Feast Foods Processors Limited v Kenya Development Corporation Limited & another (Civil Application E248 of 2025) [2025] KECA 2263 (KLR) (19 December 2025) (Ruling)
Neutral citation:
[2025] KECA 2263 (KLR)
Republic of Kenya
Civil Application E248 of 2025
F Sichale, JA
December 19, 2025
Between
Feast Foods Processors Limited
Applicant
and
Kenya Development Corporation Limited
1st Respondent
Startruck Auctioneers Limited
2nd Respondent
(Being an Application for Extension of time to file a Notice of Appeal against the Ruling and Orders of the High Court of Kenya (F. Mugambi J), dated 14th February 2025 in (Milimani High Court Commercial & Tax Division Case No. E438 of 2024))
Ruling
1.By the motion on notice dated 7th April 2025, brought pursuant to the provisions of Rule 4 and 43 of the Court of Appeal Rules 2022, Feast Foods Processors Limited (“the applicant” herein), has invoked the jurisdiction of this Court sitting as a Single Judge seeking the following orders;
2.The motion is supported on the grounds on the face of the motion, and an affidavit sworn by Mwangi Wamae, a Director of the applicant, who deposed inter alia that vide the ruling dated 14th February 2025, the Honourable Court dismissed their application for injunction dated 6th August 2024, hence exposing the suit properties to the risk of being auctioned.3.That, the applicant’s then advocate on record Messrs Abdullahi Gitari & Odhiambo Advocates LL.P, advised them not to appeal against the ruling, but instead cordially engage the 1st respondent for an amicable settlement and that the auctioneers (the 2nd respondent), had issued them with a 45 days notification of sale notice dated 5th March 2025, informing them that a public auction was scheduled for 14th May 2025.4.He further deposed that they had sought a second opinion from their current advocates, who advised them to file an appeal since the 1st respondent was not negotiating in good faith and was constantly blackmailing them with an auction.5.That unfortunately, the applicant was already late to file a Notice of Appeal which it ought to have filed within 14 days (i.e. on or before 28th February 2025), and it was trite law that mistake of an advocate should not be visited upon an innocent litigant and that the delay of 27 days required to file the Notice of Appeal was not inordinate.6.The motion was opposed vide a replying affidavit sworn on 22nd April 2025, by Erastus Njoroge Kaiba, the Deputy Director Portfolio Management, of the 1st respondent who deposed inter alia that, when the matter came up before the superior court on 14th February 2025, the applicant informed the court that it was ready to proceed with the main suit and requested for directions on filing of pleadings and that it was now interesting that it was claiming that it wants to challenge the decision of the superior court, dismissing the injuction application.

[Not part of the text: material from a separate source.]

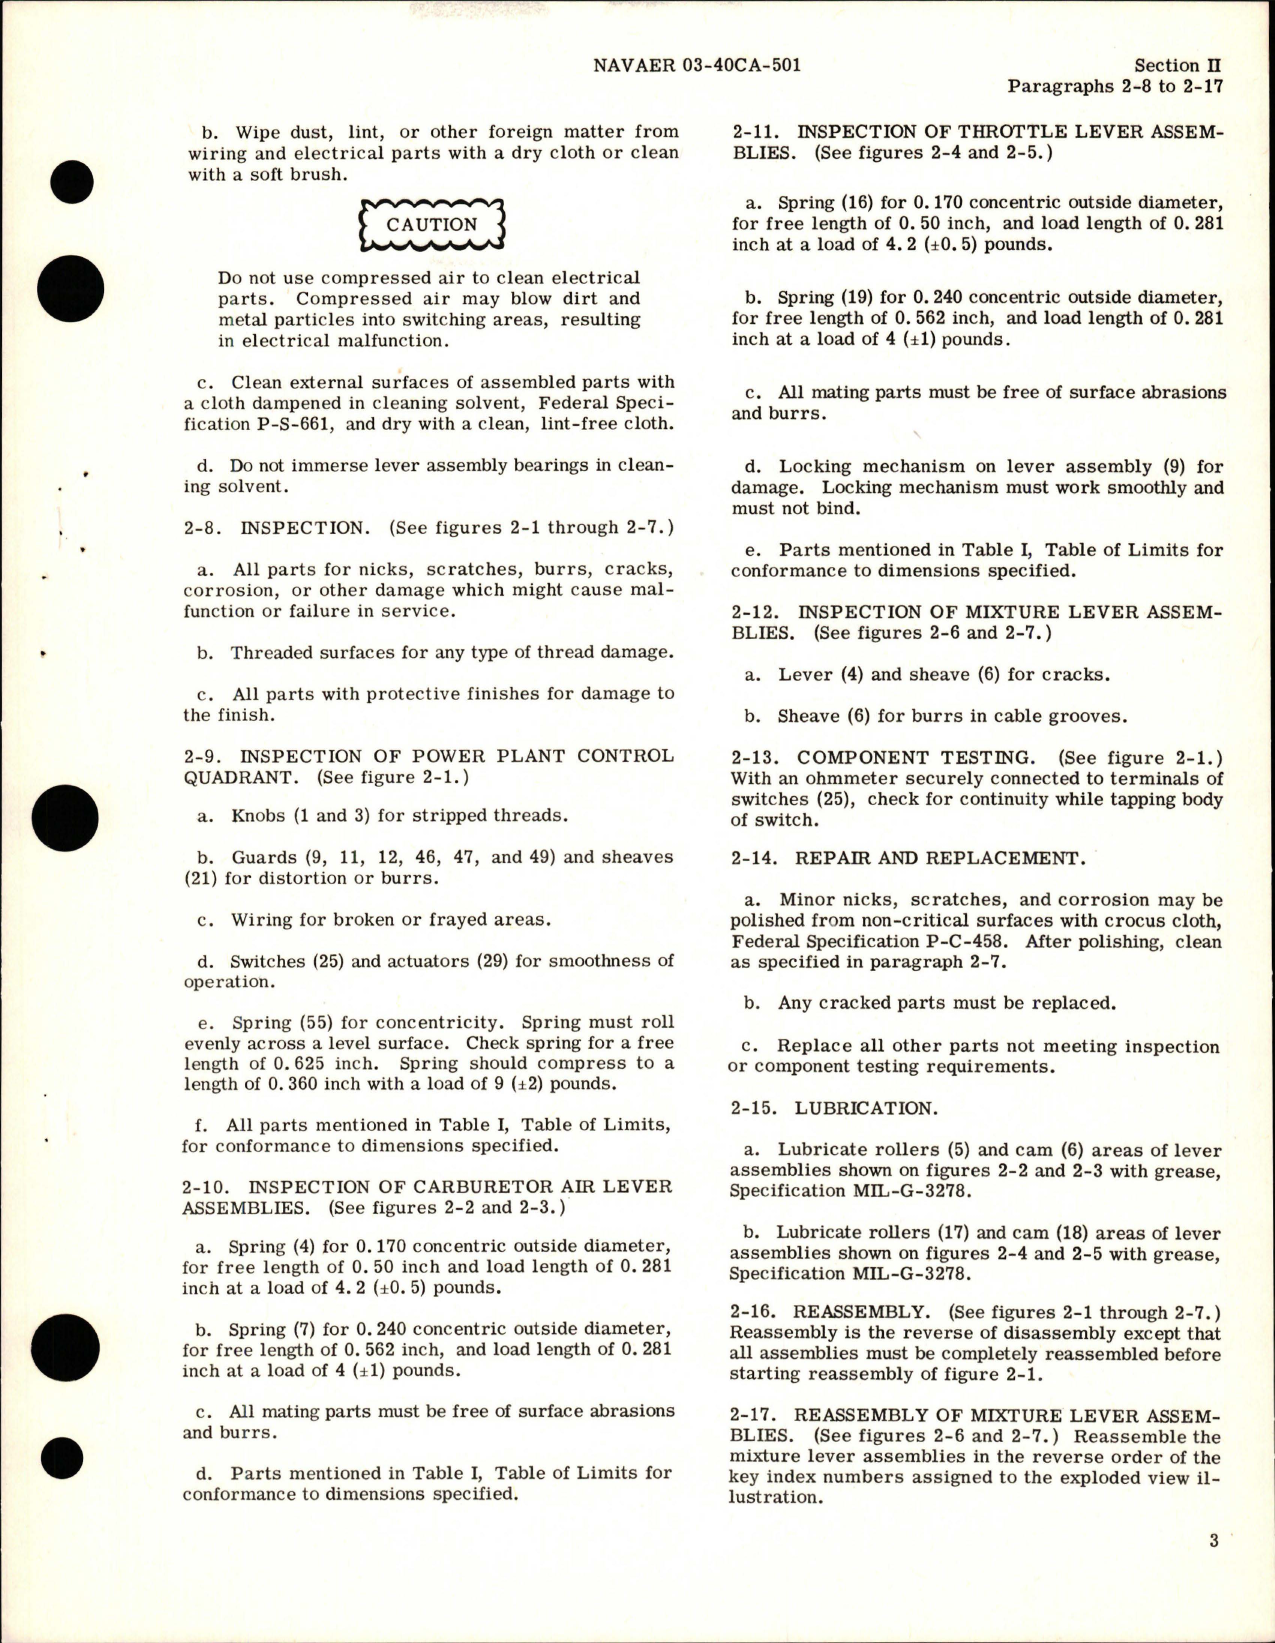 Sample page 7 from AirCorps Library document: Overhaul Instructions for Power Plant Control Quadrant - Parts 5L2931-0, 5L2931-1, 5L2931-2, and 5L2931-3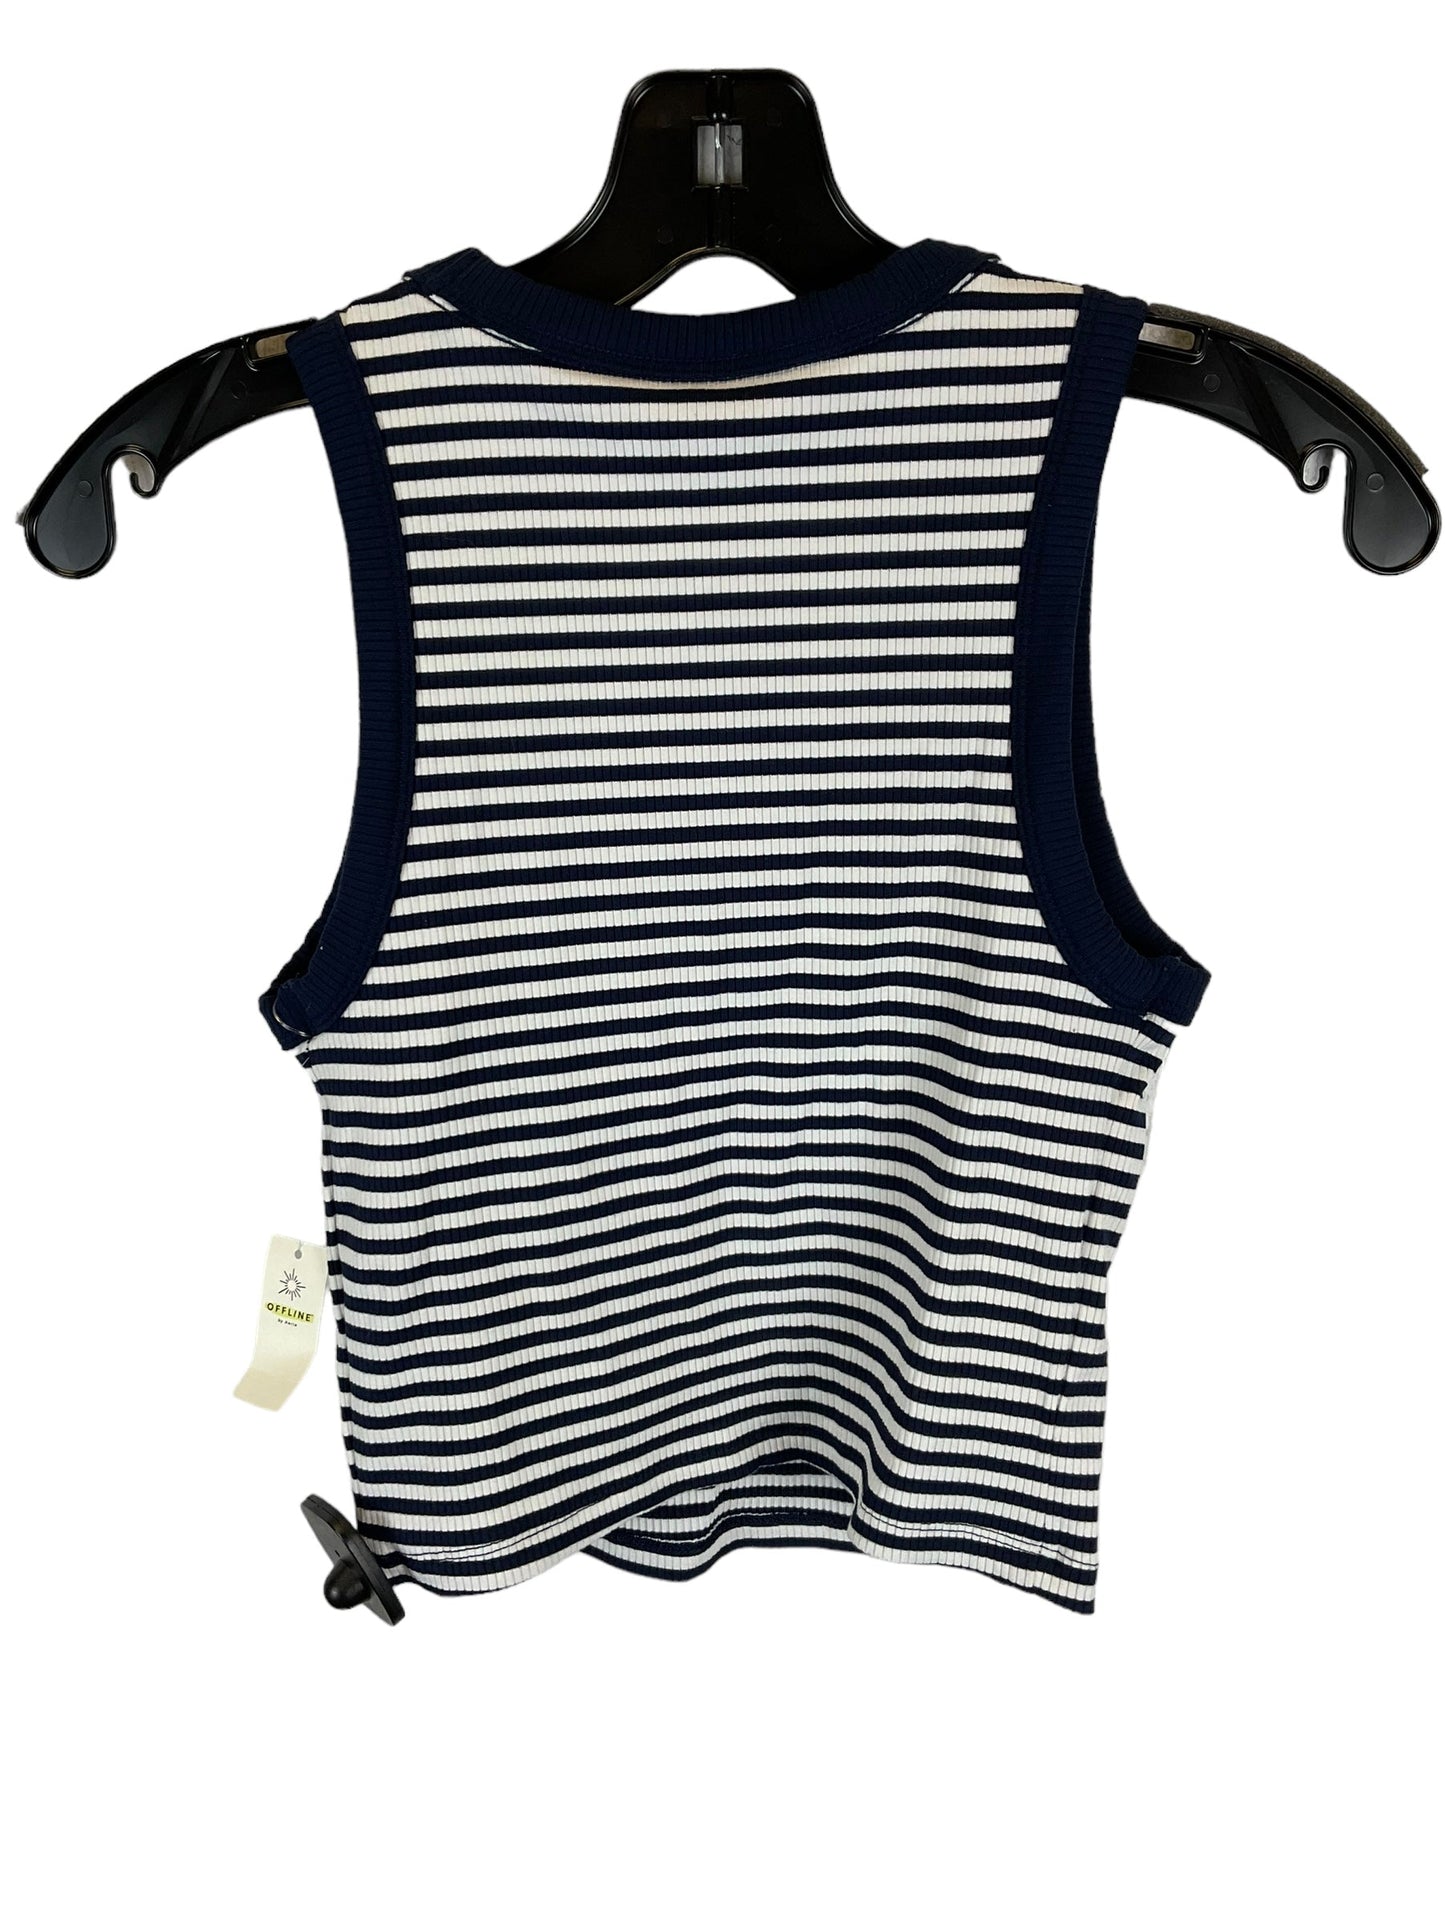 Striped Pattern Top Sleeveless Aerie, Size Xs

7.He further deposed that the instant application was a knee jerk reaction to the 1st respondent’s exercise of its statutory power of sale, which the 1st respondent was entitled to and that due to the foregoing reasons, the applicant had failed to demonstrate any sufficient reason to warrant the exercise of the Court’s discretion in its favour.
8.It was further deposed that the applicant had not demonstrated any effort it had made to reach out to the 1st respondent and that therefore, to allege that the 1st respondent was negotiating in bad faith was a statement meant to deceive and gain sympathy from the Court.
9.The applicant in its submissions basically reiterated the averments in the supporting affidavit to the motion and submitted that failure to file the appeal on time was due to the fact that its former advocate had advised them not to appeal against the impugned decision, but rather to negotiate with the 1st respondent but when they sought a second opinion from their current advocates, they were advised to appeal by which time the period of filing the appeal had lapsed.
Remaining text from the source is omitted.